*YOUR OBJECTIVE*: Everything in the listing below has to be repeated exactly, except the pictures.

*DATA EXTRACT*:
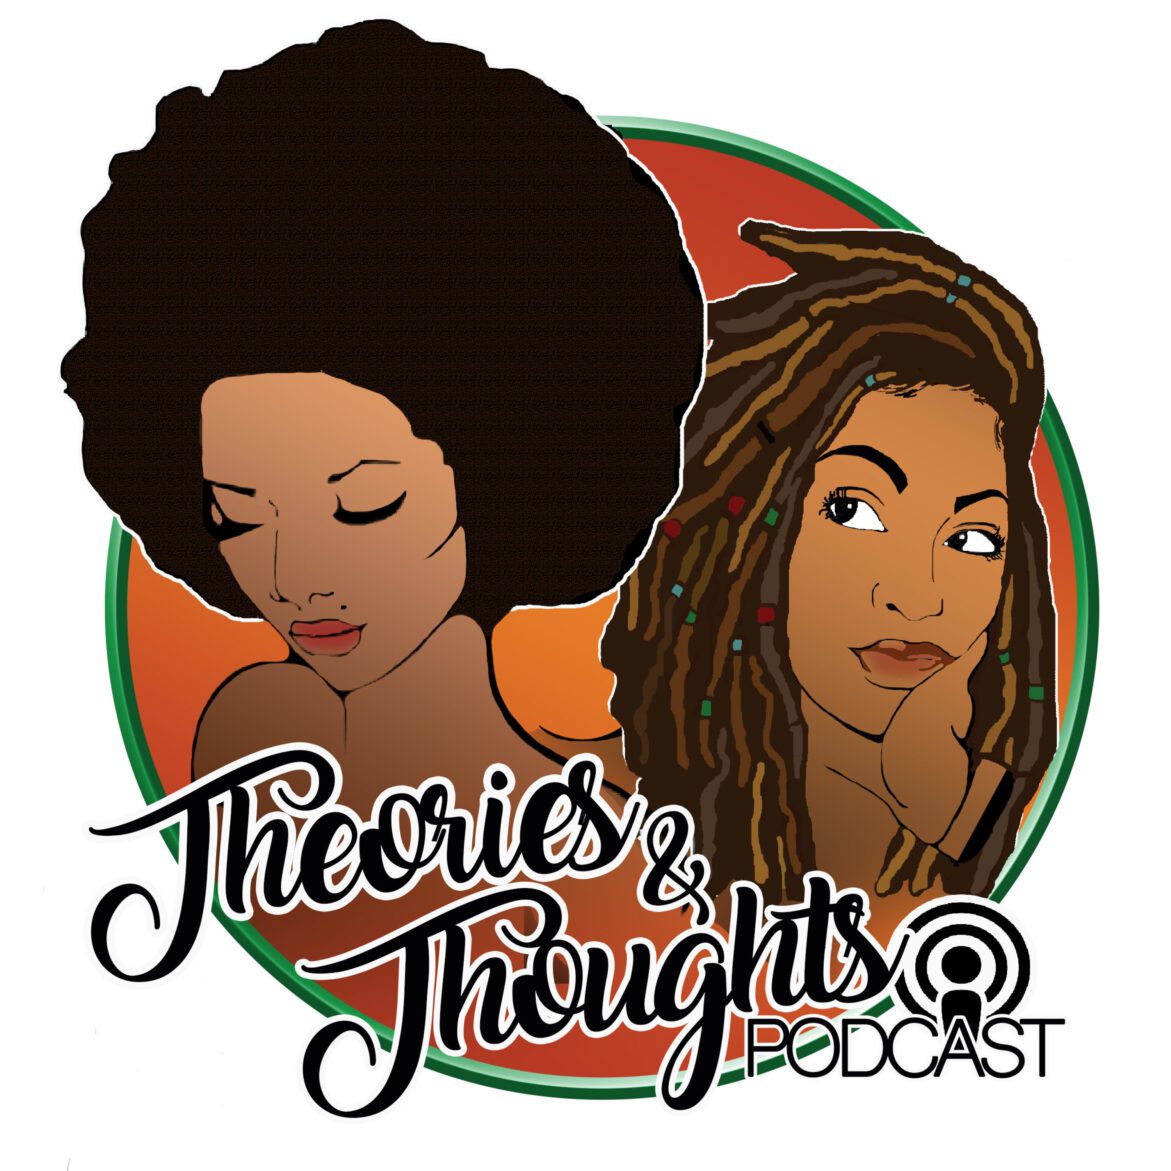 Black Podcasting - Theories & Thoughts: Episode 49- Thriving after Domestic Violence with Brittney Bogues
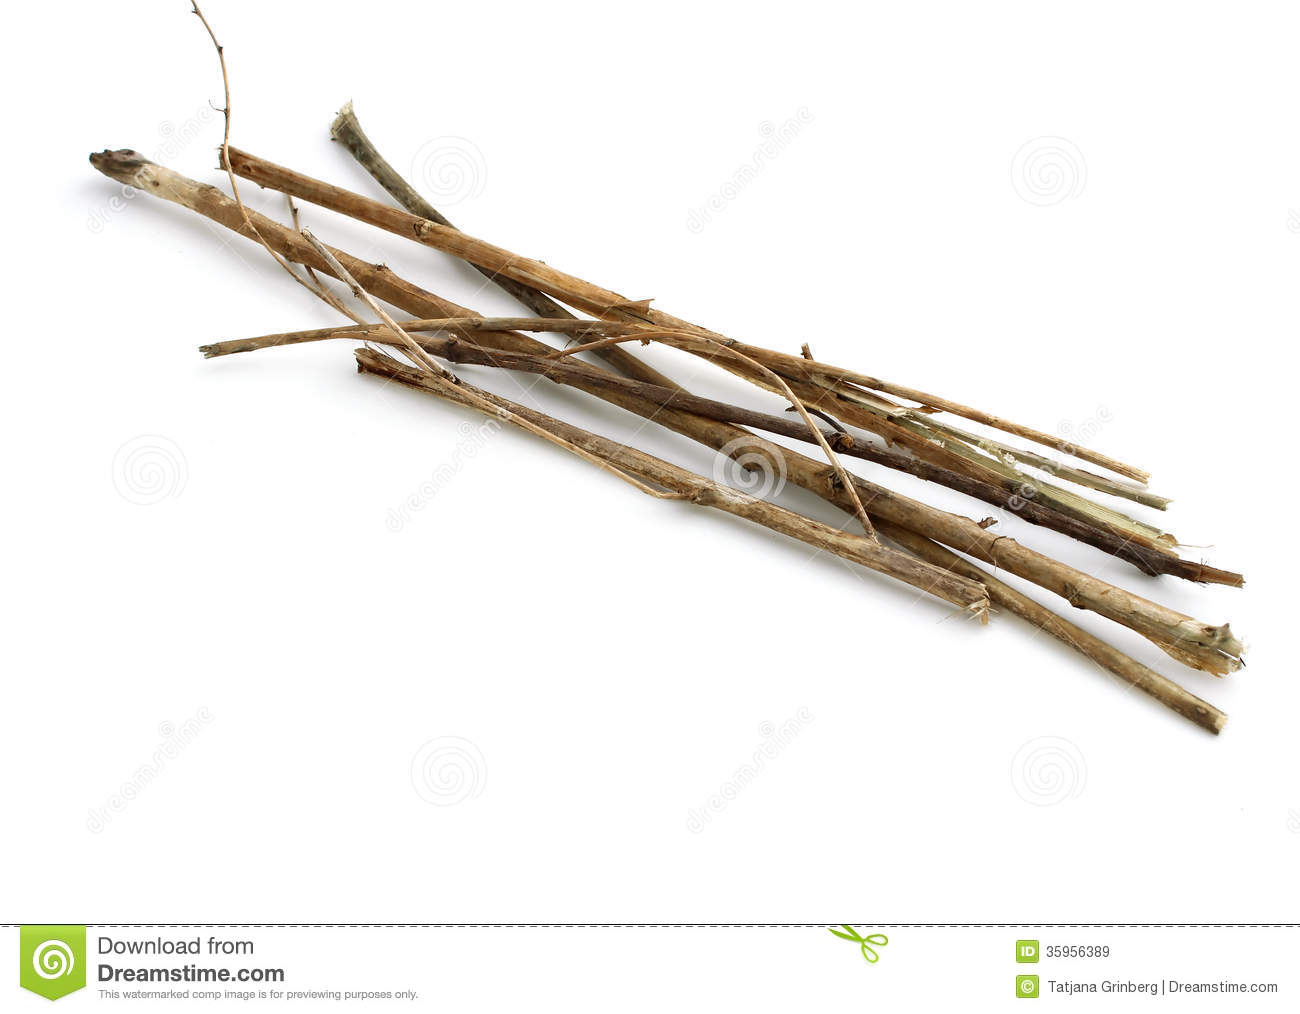 Sticks And Twigs Wood Bundle On White Royalty Free Stock Images
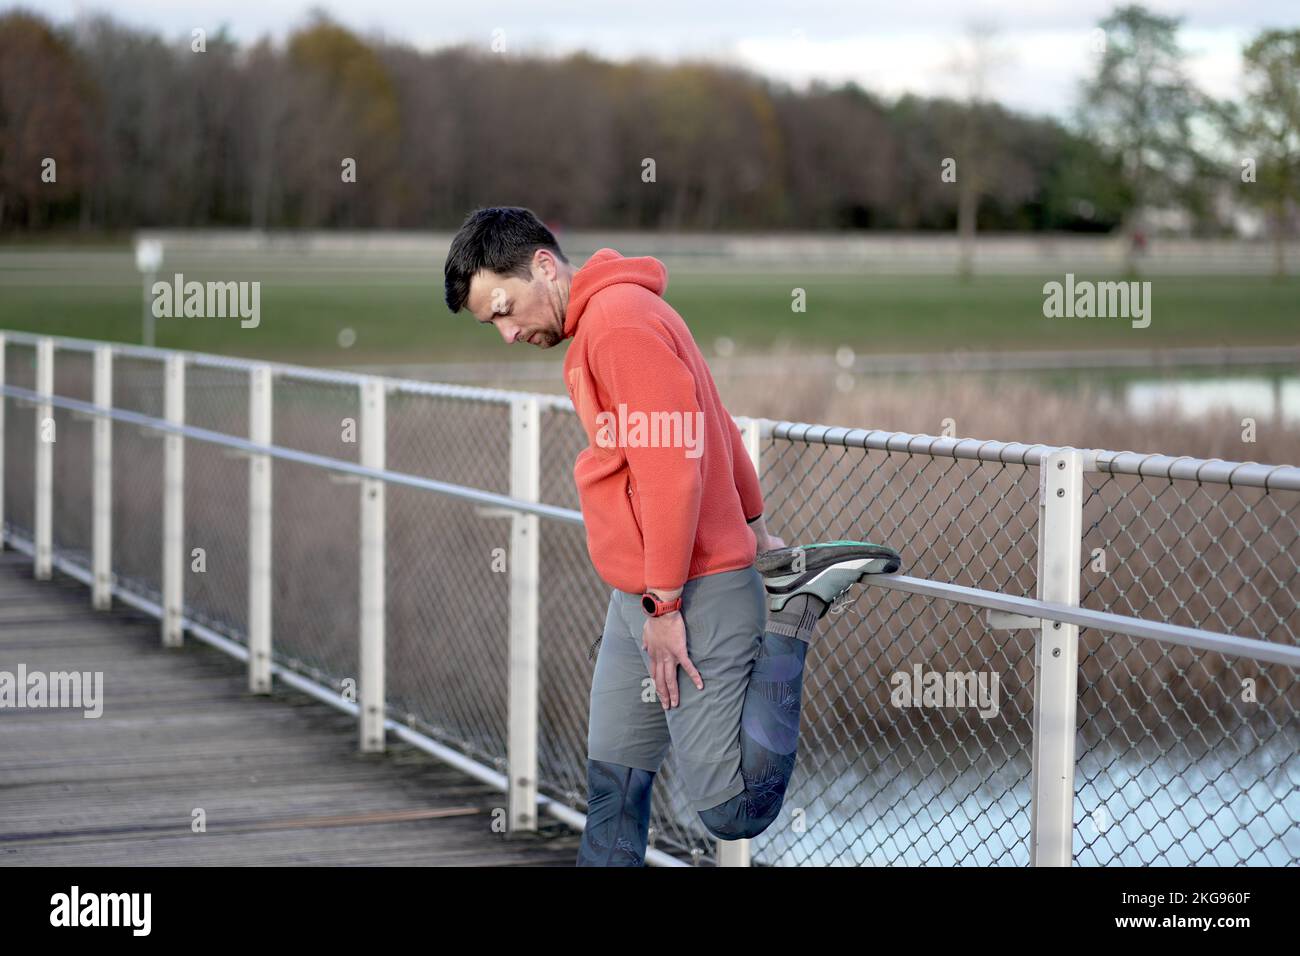 Athlete warming up before an outdoor cardio workout. A jogger warms up his muscles for a jog in nature on a wooden bridge in the cold fall weather Stock Photo

*RESPONSE TO THE TASK*:
 Black Podcasting - Theories & Thoughts: Episode 49- Thriving after Domestic Violence with Brittney Bogues
 Sticks And Twigs Wood Bundle On White Royalty Free Stock Images
 Athlete warming up before an outdoor cardio workout. A jogger warms up his muscles for a jog in nature on a wooden bridge in the cold fall weather Stock Photo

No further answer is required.